Sur la demande d’exécution provisoire:
Attendu qu’il y a lieu de rappeler que la présente décision est exécutoire à titre provisoire par application des dispositions de l’article 514 du Code de procédure civile.
Décision du 02 septembre 2024
PCP JCP ACR fond - N° RG 24/04858 - N° Portalis 352J-W-B7I-C43B2
Sur la demande fondée sur l’article 700 du c.p.c.:
Attendu qu’il y a lieu de condamner M. [M] à payer au demandeur une somme de 350€ en application de l’article 700 du Code de Procédure Civile.
Sur les dépens:
Attendu que M. [M] succombe à la procédure; qu’il sera condamné aux entiers dépens en application de l’article 696 du Code de Procédure Civile, en ce compris notamment le coût des deux commandements de payer du 25 janvier 2024.
PAR CES MOTIFS:
Le Tribunal, statuant publiquement, en premier ressort et par jugement contradictoire, mis à disposition au greffe;
Condamne M. [N] [M] à payer à ICF LA SABLIERE la somme de 4160,07€ au titre des loyers, charges et indemnités d’occupation impayés au mois de juin 2024 inclus, avec intérêts au taux légal sur la somme de 3340,39€ à compter du 25 janvier 2024, et pour le surplus à compter de la présente décision.

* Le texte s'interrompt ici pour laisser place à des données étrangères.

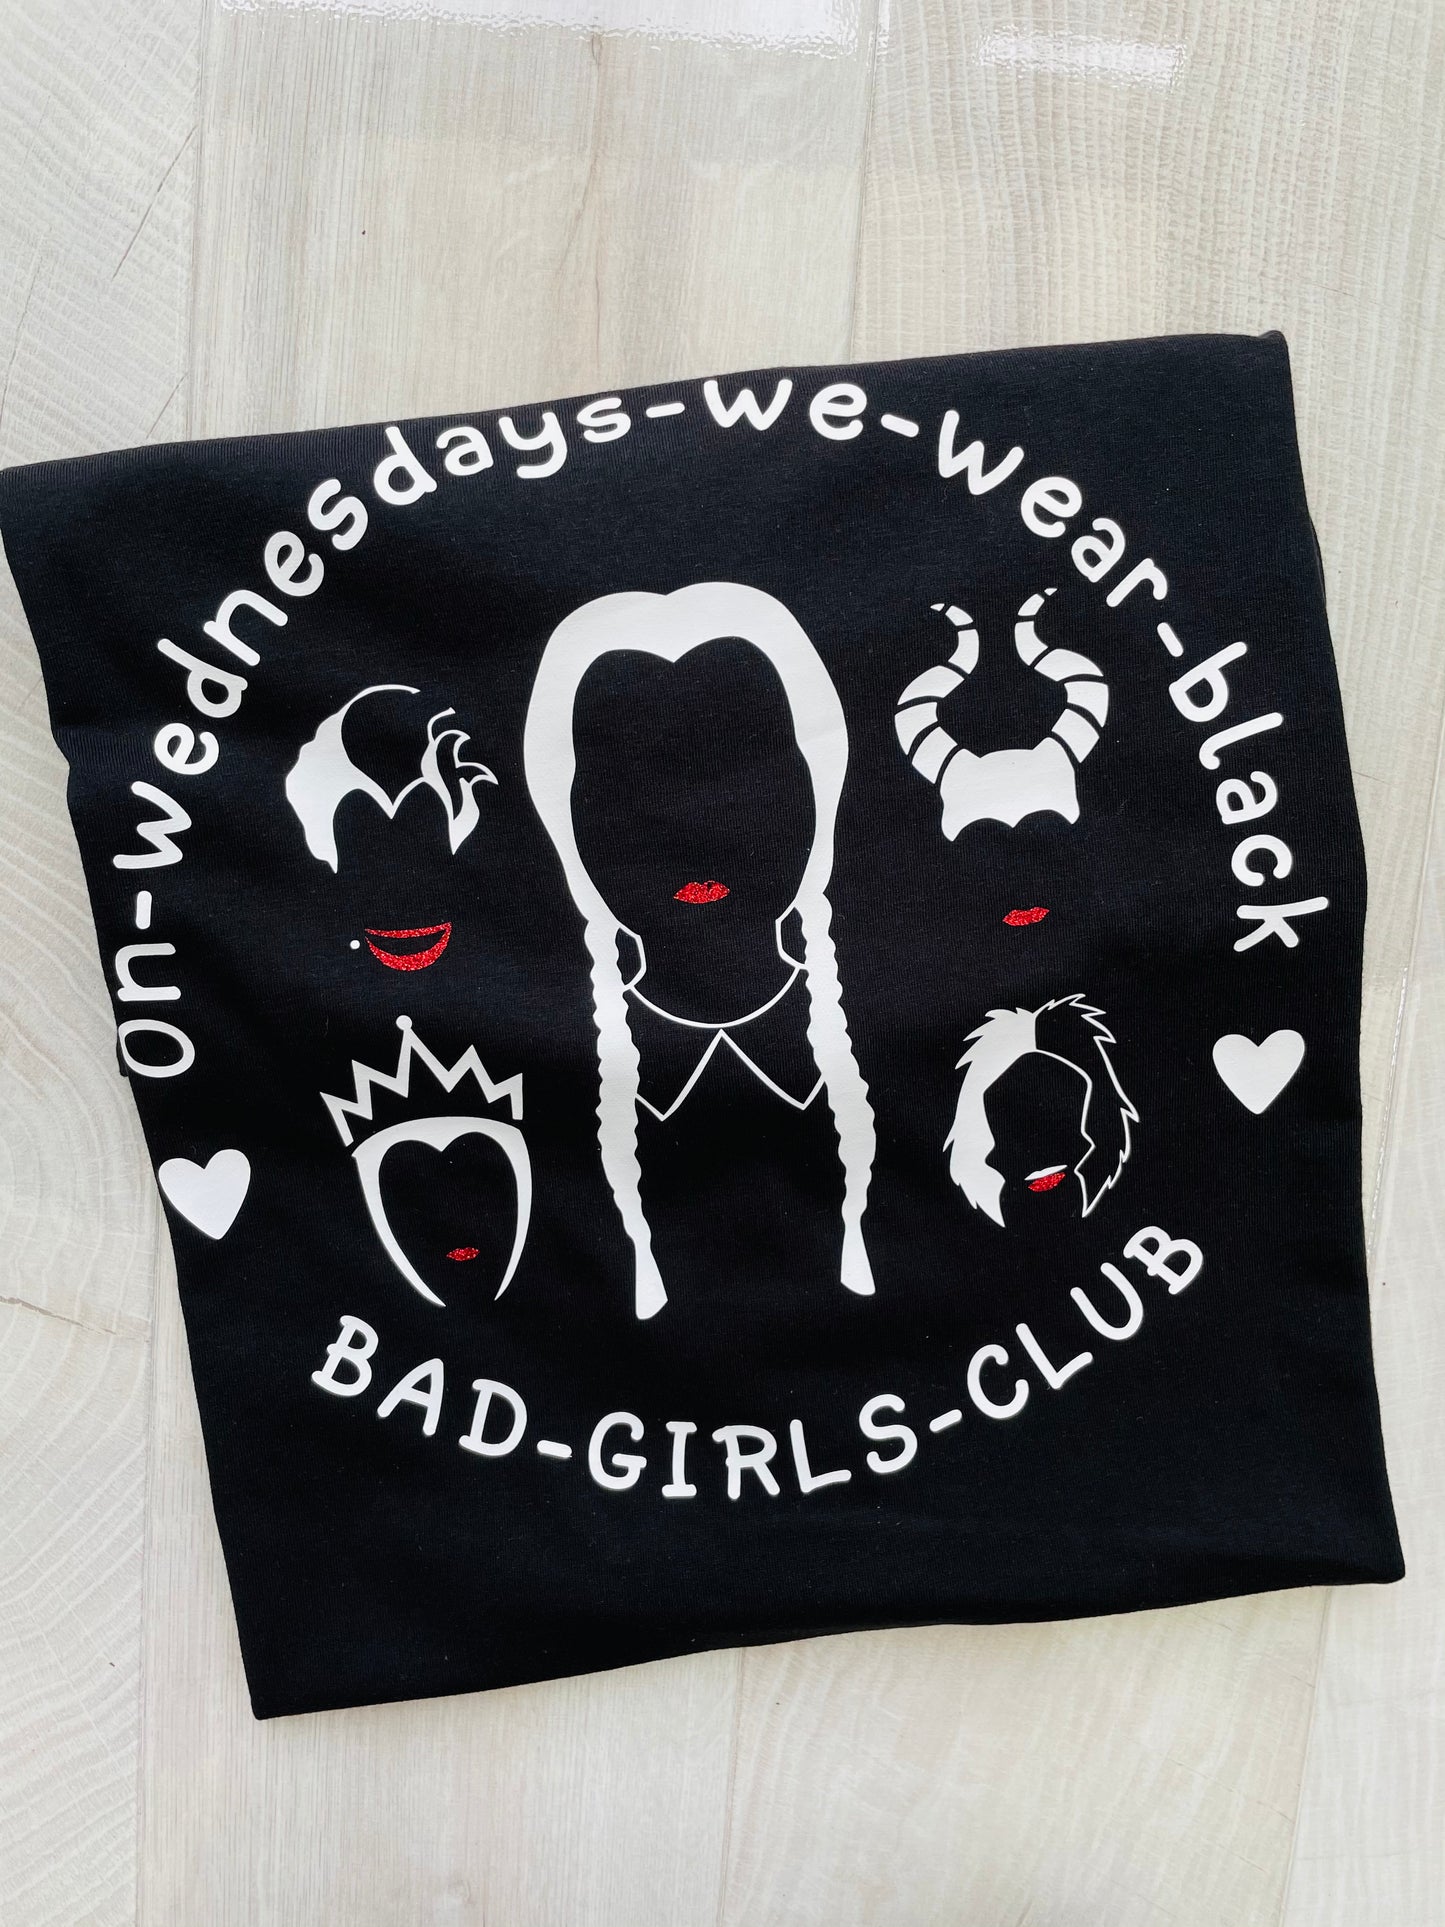 Bad Girls Club, On Wednesdays we wear black, villain T-shirt
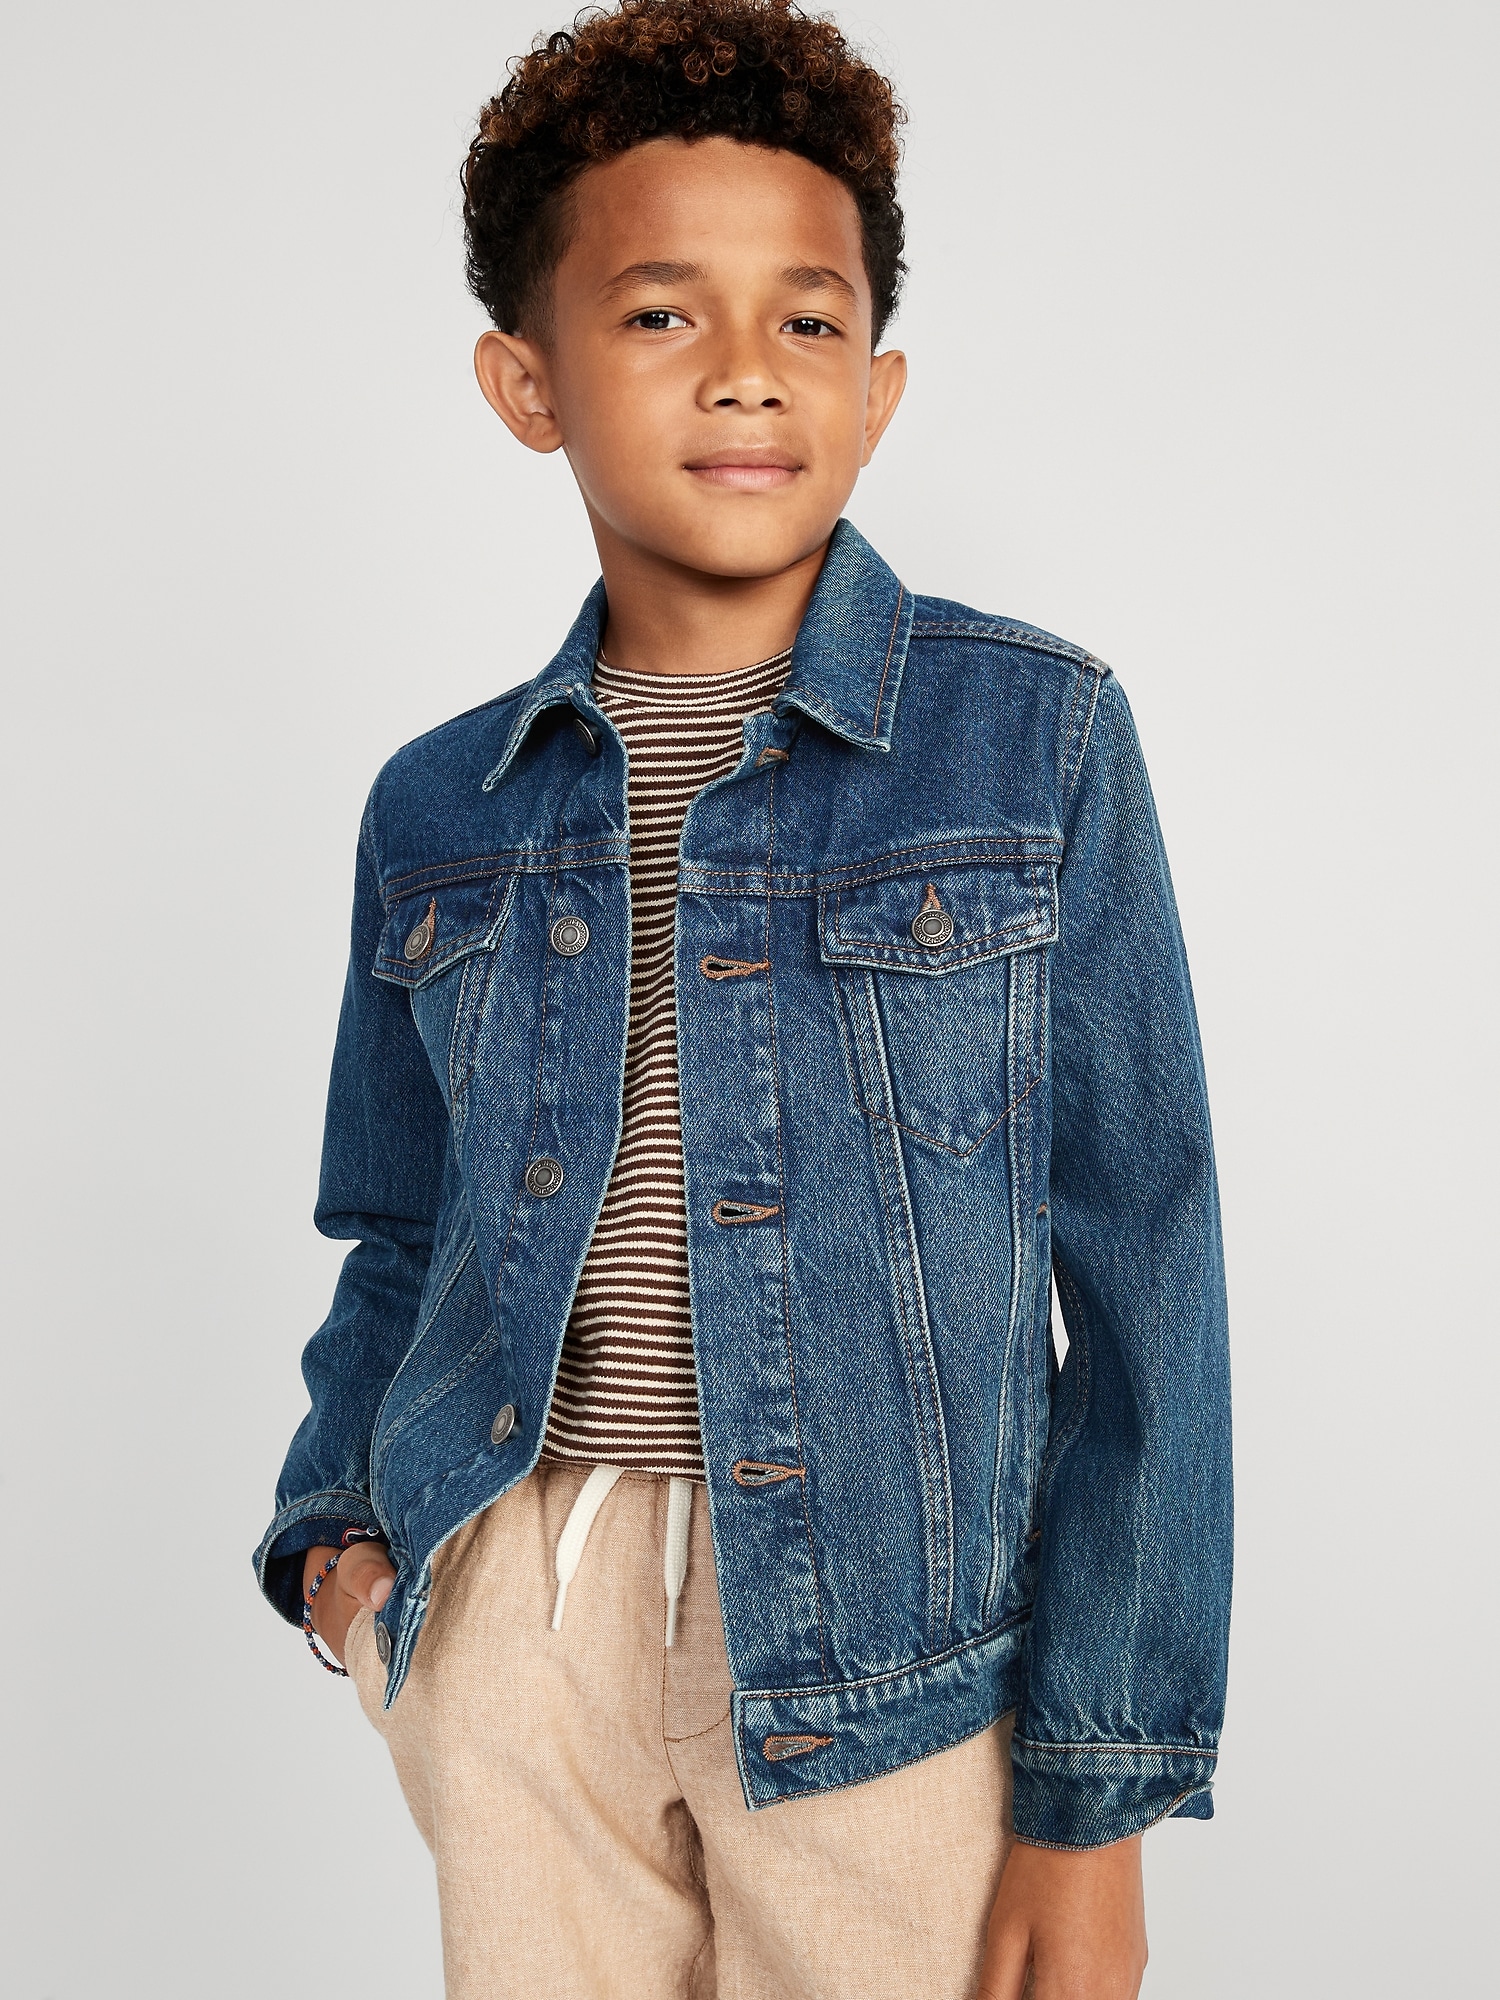 Gender-Neutral Cotton Non-Stretch Jean Jacket for Kids

Fixe l'indemnité d’occupation due à une somme égale au loyer actualisé, majoré des charges récupérables dûment justifiées.
Condamne M. [M] à payer à ICF LA SABLIERE l’indemnité mensuelle d’occupation précitée, à compter du 1er mars 2024, jusqu’à la libération effective des lieux.
Constate l’acquisition de la clause résolutoire pour chaque bail, à compter du 1er mars 2024 et dit que M. [M] devra libérer les lieux de tous biens ou occupants de son chef et rendre les clés dans les 2 mois à compter du commandement qui sera adressé à cette fin ou de la signification du présent jugement.
Dit qu’à défaut d’un départ volontaire il pourra être procédé à l’expulsion, le cas échéant avec le concours de la force publique dans les conditions et délais légaux.
Condamne M. [M] à payer à ICF LA SABLIEREla somme de 350€ en application de l’article 700 du Code de Procédure Civile.
Condamne M. [M] aux entiers dépens qui comprendront notamment le coût des deux commandements de payer du 25 janvier 2024.
Déboute les parties du surplus de leurs demandes.
Rappelle que la présente décision est exécutoire à titre provisoire par application des dispositions de l’article 514 du Code de procédure civile.